The story goes from the sunny hill in Greece to the deadly desert and an ancient subterranean tower where Hannah´s belief, her strength and her will to survive are tested beyond anything. With this book came a change in the cover design of the entire series, and, though it is for the first three books a real change for the better, I am not really satisfied with the look of this one. But I wanted to see how things were going with Hannah and her family, what had happened after the last book, that I didn´t care about that much.
Babylon*
by Thomas Thiemeyer Hannah Peters #4
Publisher Knaur on March 1, 2016
Genre Thriller
Pages 523
Format Softcover
Source Publisher
✶✶✶
THE PLACE: Mesopotamia, Cradle of Civilization. Today one of the most dangerous crisis region on earth. THE ORDER: the investigation of the baffling construction of human history. THE PLAYER: Archeologist Hannah Peters and her team. A billionaire art collector who wants to experience his last adventure. And a four year old child. Together they have to face the biggest challenge of their life.
Story
Hannah and her family are working now in Greece. Since the birth of her daughter, her life has changed. Not only by becoming a mother, but also by the fact, that her daughter is different from others. So Hannah is not very much amused when her husband decides to fulfill the last wish of their dying friend and travel his entire family to a place right in the middle of the most dangerous crisis region of the world. And there, she has to face things and go beyond everything she ever believed in or thought she´d have to.
Style
The thriller is told by an invisible narrator and is set about five years after the last book Valhalla. But unlike the previous books, Babylon is almost boring and without any surprises. And it goes even further. During the last third of the book, the story is absolutely implausible, almost absurd and over the entire book is less to nothing to see from the actual protagonist Hannah Peters. I don’t know the author like that. Usual his books are full of great scenes, logic, fascinating places, and characters who take the reader in with their personality. Not this time. Thomas Thiemeyer writes clear, brings historical and technical facts and details in a very entertaining way into the story and the plot is diversified. But with Babylon, he is far away from the great stories and energy he brought to the reader with the first few books of this series.
Characters
Hannah Peters is in the first three books of this series a woman who is sometimes a bit clumsy, who lives for her passion and who can´t travel far and often enough to find old ancient artifacts or places of special history. She is driven by what she does, how she does it and her expertise is famous and to some the only thing that counts. It seems that, after she became a mother and went through a drama that killed all of her team-mates, she has changed. Now being an archeologist seems to be a job she does to earn her living and to have a place where she can raise her daughter out of the public eye. But the passion that once drew her into a new mission seems gone; entirely.

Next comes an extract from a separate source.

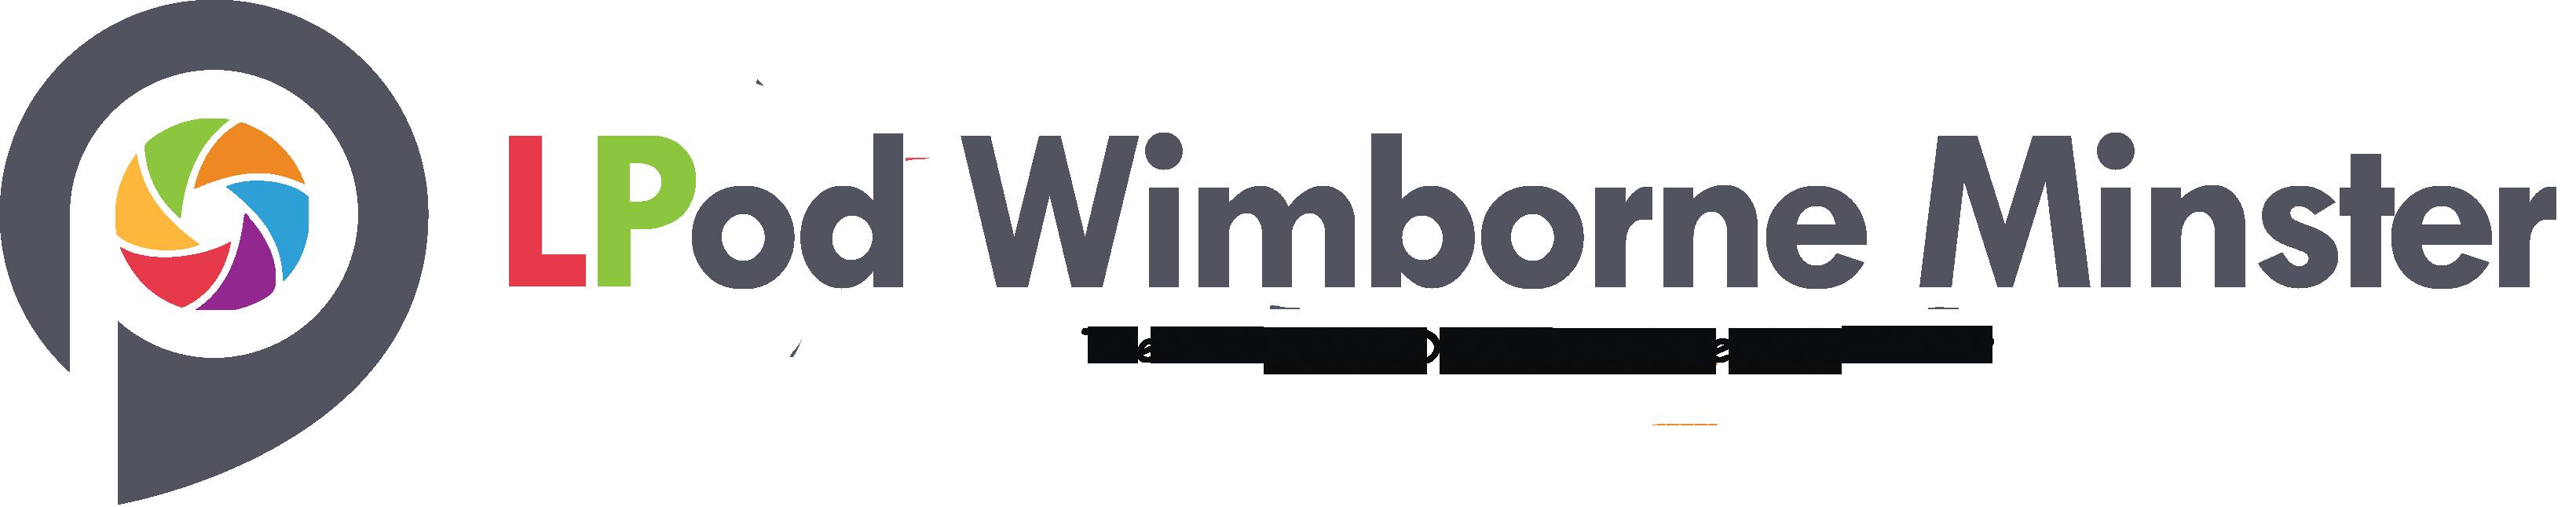 intensive driving courses wimborne minster, intensive driving lessons wimborne minster, intensive driving school wimborne minster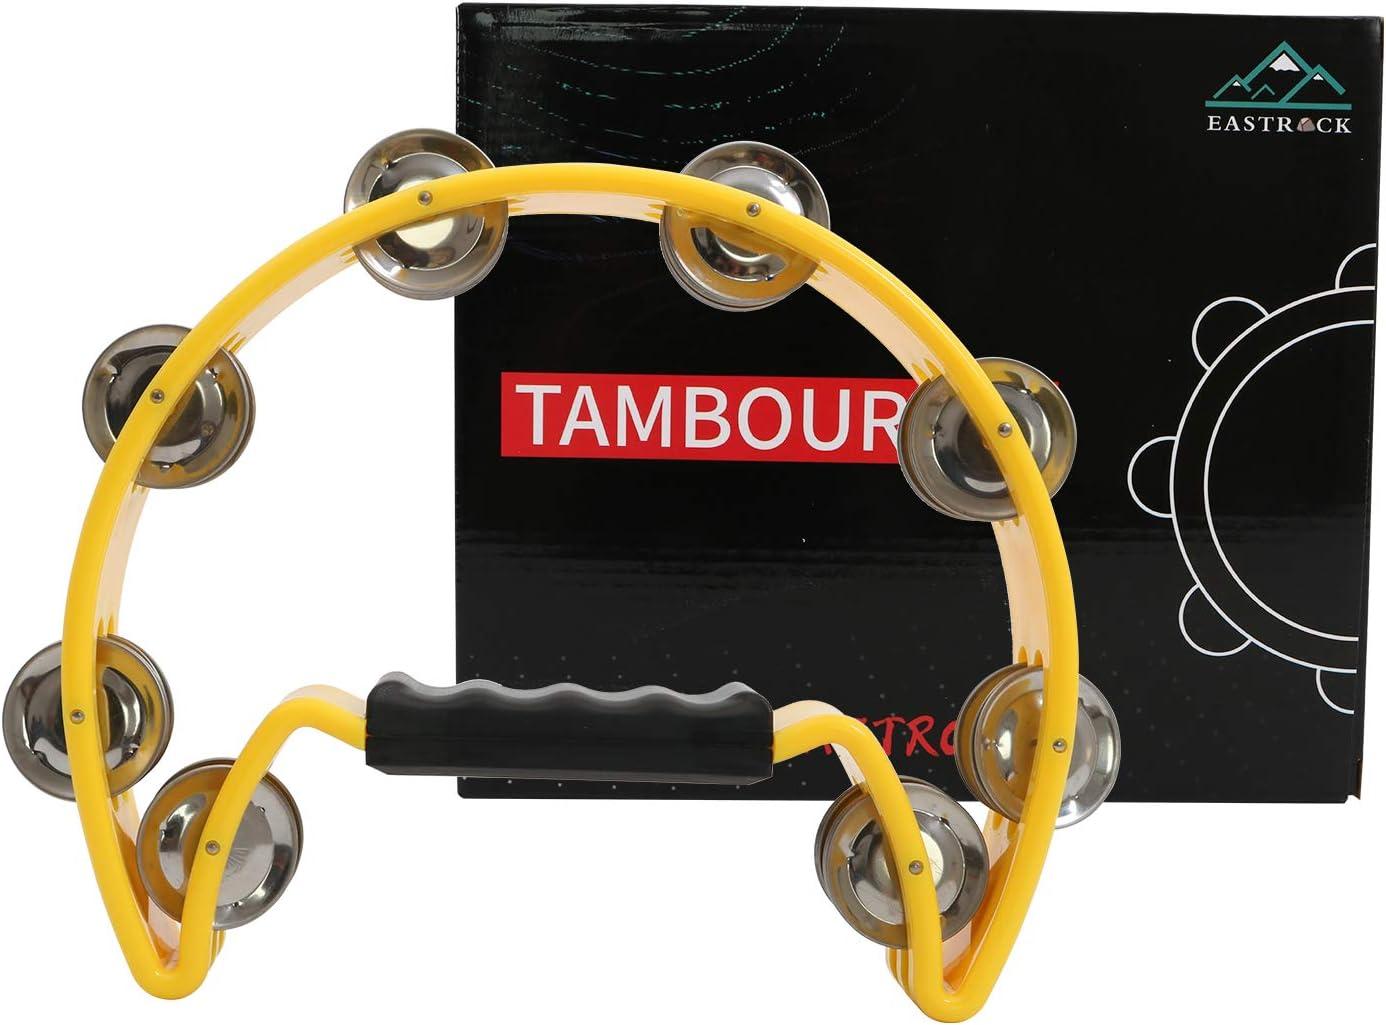 EastRock Tambourine,Metal Jingles Hand Held Percussion-Half Moon Tambourine for Kids Adults Party BLACK KTV

Yes, becoming a mother means a lot of changes for a woman, but does that mean she has to become boring, and in denial of everything that goes on around her? Yes, her daughter is not like any other child, but given the special circumstances of Hannah´s early pregnancy and the fact that her mother had to get that special cure to keep her alive, I would say her daughter can´t be like any other child – in a good way. However, I couldn´t get warm with her. She seemed too exaggerated, way too quiet, way too smart, and not acting like a four year at all.
Conclusion
I am actually a huge fan of Hannah Peters. But this part was nothing but average. At some point, it became so weird, so strange and close to being absurd and implausible, that I was sometimes wondering if this was really a Thomas Thiemeyer thriller. Sad to say it, but I am a bit disappointed by it.
Happy reading
*This book was at the time of review only available in the German language.
Thomas Thiemeyer
Thomas Thiemeyer, born 1963, studied geology and geography before he became self-reliant and turned into a career as author and illustrator. With his science thrillers and young adult cycles, which won many prizes, sold over half a million times and being translated into thirteen languages, he is a well-established magnitude in the German light fiction. The author lives with his family in Stuttgart/Germany.